Lary m’avait donné l’adresse d’une vieille dame propriétaire d’un chenil, au nord de l’île. Une certaine Bethy Amer connue dans tout le village pour son amour inconditionnel envers les toutous en tout genre, mais aussi pour être la matriarche d’une portée de 26 Ouginaks de tout âge.
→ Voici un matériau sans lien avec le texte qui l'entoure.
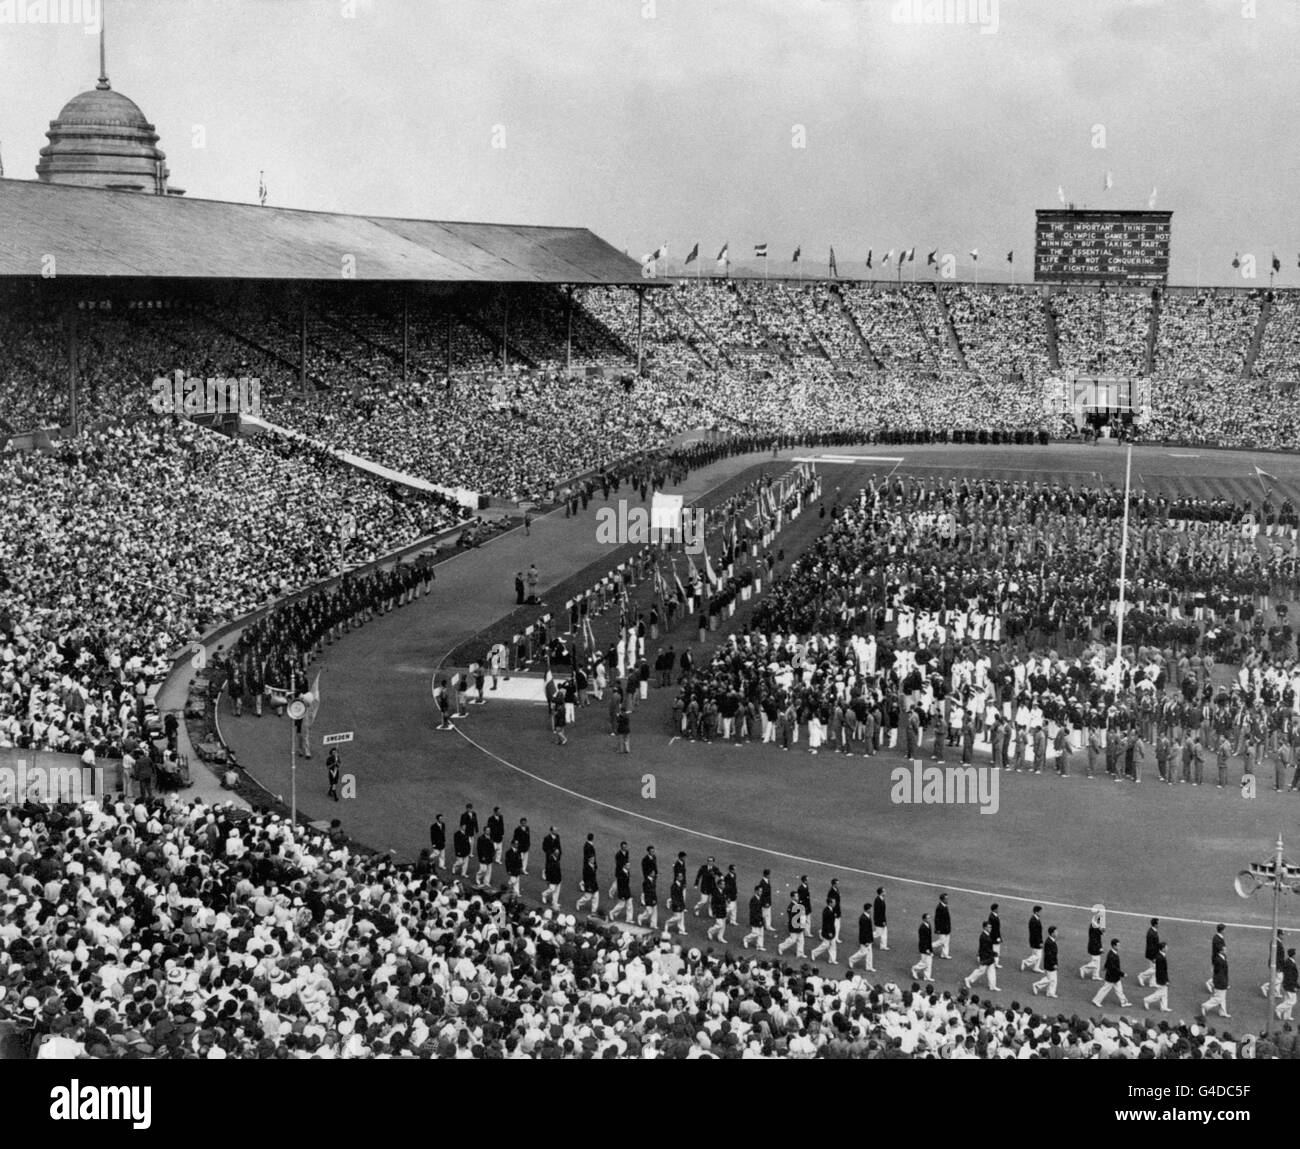 Ein allgemeiner Blick auf die Wembley Arena, London, mit Mitgliedern des schwedischen Olympischen Teams marschieren vorbei, vor der offiziellen Eröffnung der Spiele von H.M. The King 16/1/04: Die Blaupause der britischen Hauptstadt Hoffnungen auf die Ausrichtung der olympischen Spiele 2012 wird enthüllt. Stockfoto

Le jappement des chienchiens, audible à des centaines de kamètres, me hérissait les poils. La bâtisse, tout de guingois, donnait l’impression d’être prête à s’effondrer. L’allée qui y menait était jonchée de détritus. Aussitôt après les trois coups portés à la porte en bois branlante, une vieille dame à l’air suspicieux apparut derrière une petite lucarne. Son regard en disait long sur elle. Le genre à ne plus croire en la race Douzienne et à penser que seuls ses animaux méritaient sa confiance...

« Saul Greyjak du Département Policier d’Ecaflip City. Je peux vous poser quelques questions ?
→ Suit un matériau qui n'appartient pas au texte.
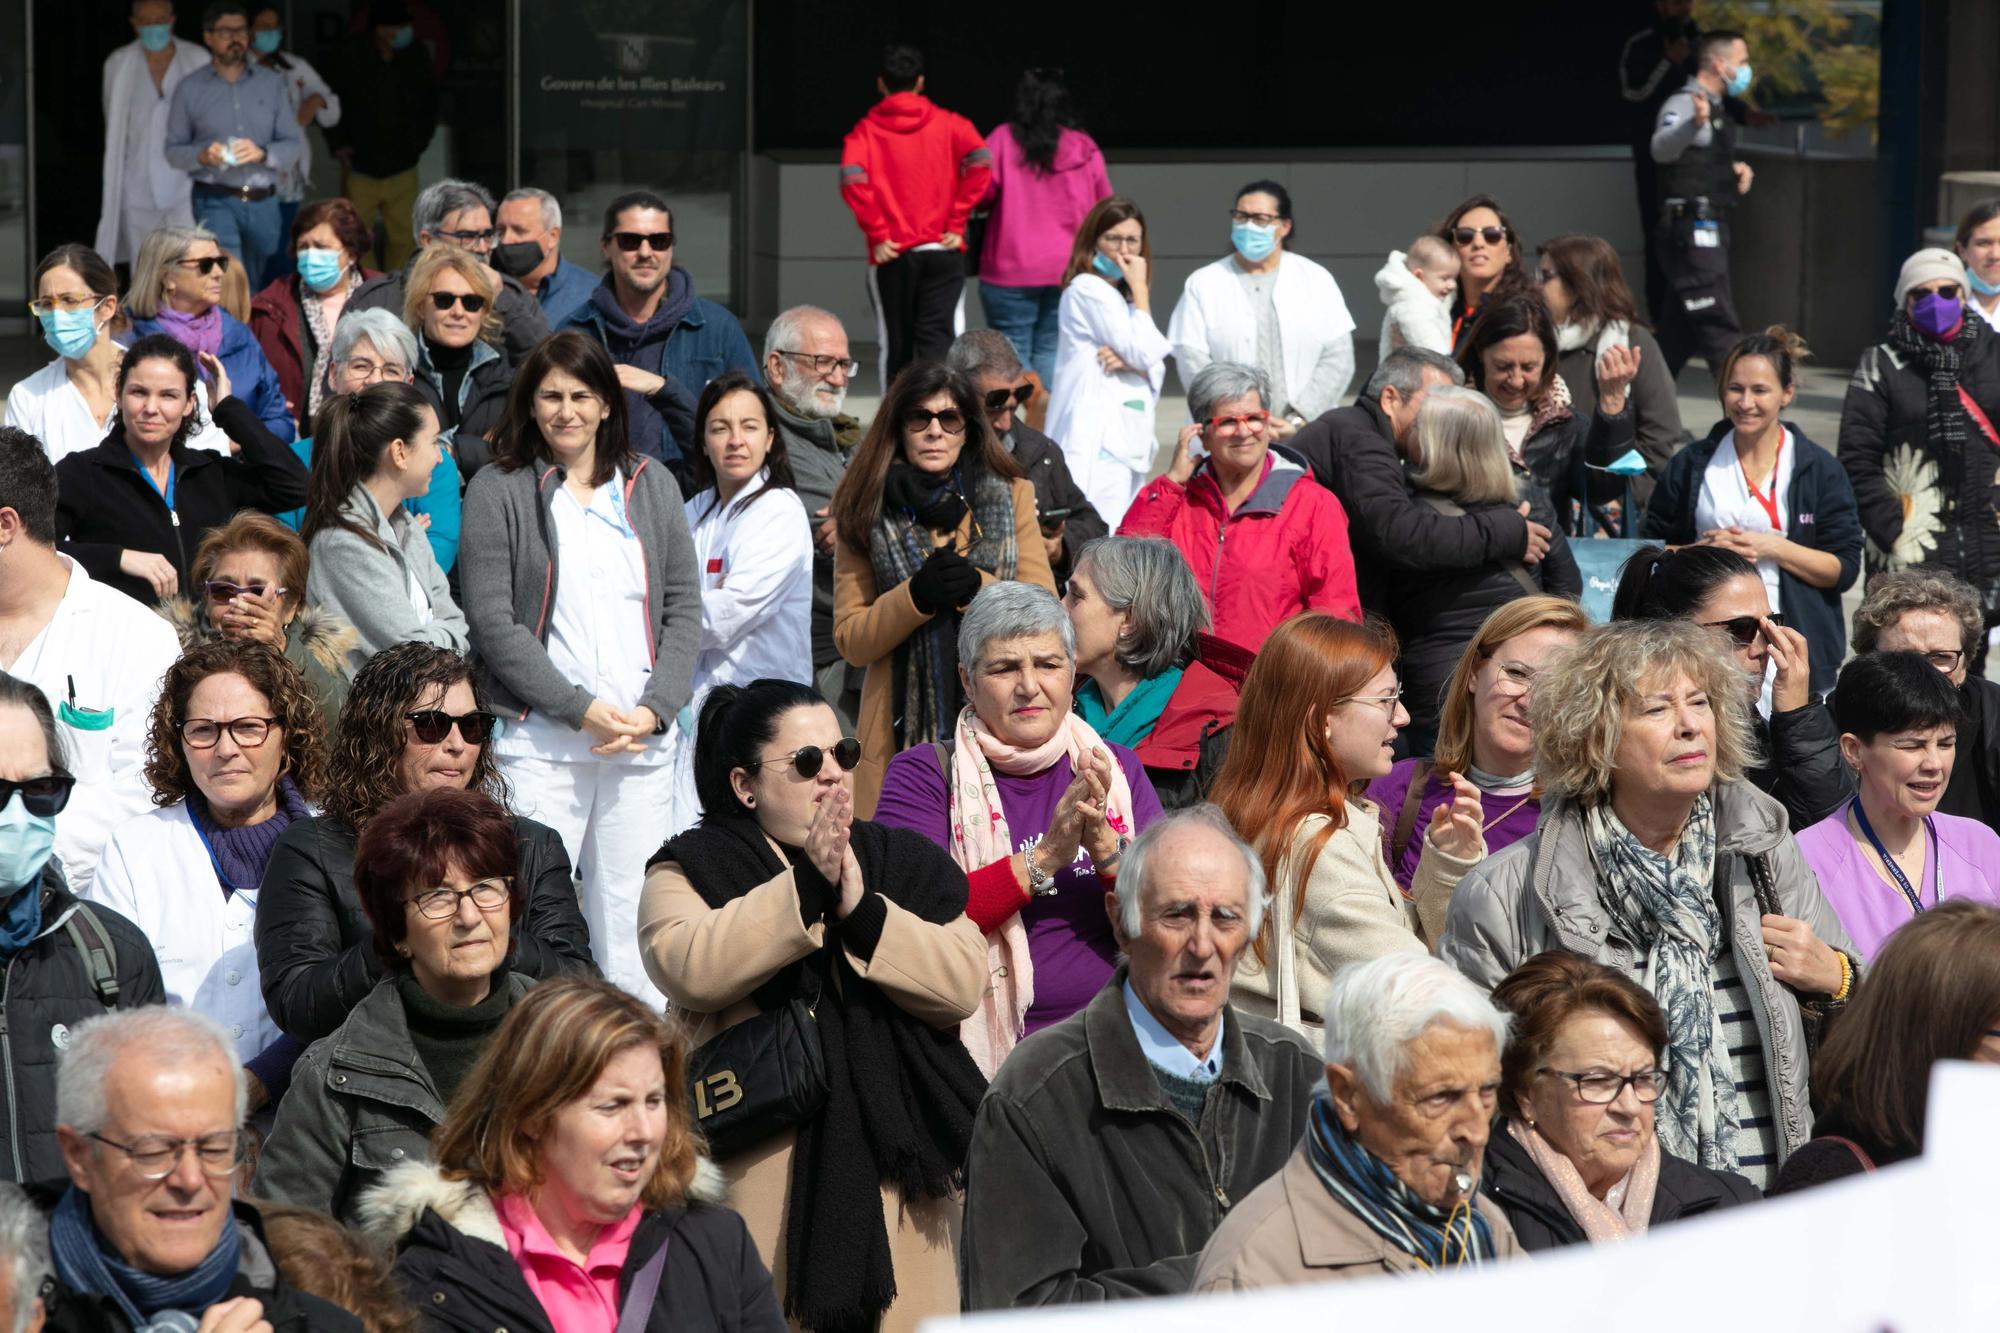 Galería de imágenes de la concentración por la falta de médicos en Ibiza

- Si c’est au sujet du scandale des croquettes, j’ai dit tout ce que j’avais à dire !

- C’est pas c’que semble penser Lary. »

Un cliquetis suivi d’un enchaînement de bruits de cadenas qu’on déverrouille me firent comprendre deux choses : Bethy n’était pas tranquille et le prénom de Lary faisait toujours son p’tit effet sur les femmes, peu importe leur âge.

La porte à peine ouverte, l’odeur me prit à la truffe. Un mélange d’urine et d’effluves bestiales s’engouffra dans mes narines avec la violence d’un uppercut. À l’intérieur de la maisonnée régnait un véritable capharnaüm.

« Entrez, entrez, j’allais justement faire de la tisane. » Le ton était mielleux et faux.

À peine avais-je franchi le seuil de la porte qu’un dauge aux poils grisâtres et tout emmêlés vint coller sa truffe humide contre mes orteils.

« Kiki, tu veux bien laisser monsieur tranquille ?! Pardonnez-le, il a horreur des chachas ... »

Bim ! dans mes canines. La vieille était du genre à égratigner. Je fis mine de n’avoir rien entendu.

Elle m’invita à m’installer dans un canapé au revêtement défraîchi et recouvert de jouets pour chienchiens mâchouillés, encore dégoulinants de bave.

« POOOÛÛÛEEET !! »

Le koinkoin en plastique sur lequel je venais de poser mes fesses fit se réveiller en sursaut un chienchien tigré endormi à l’extrême opposé de ma place.  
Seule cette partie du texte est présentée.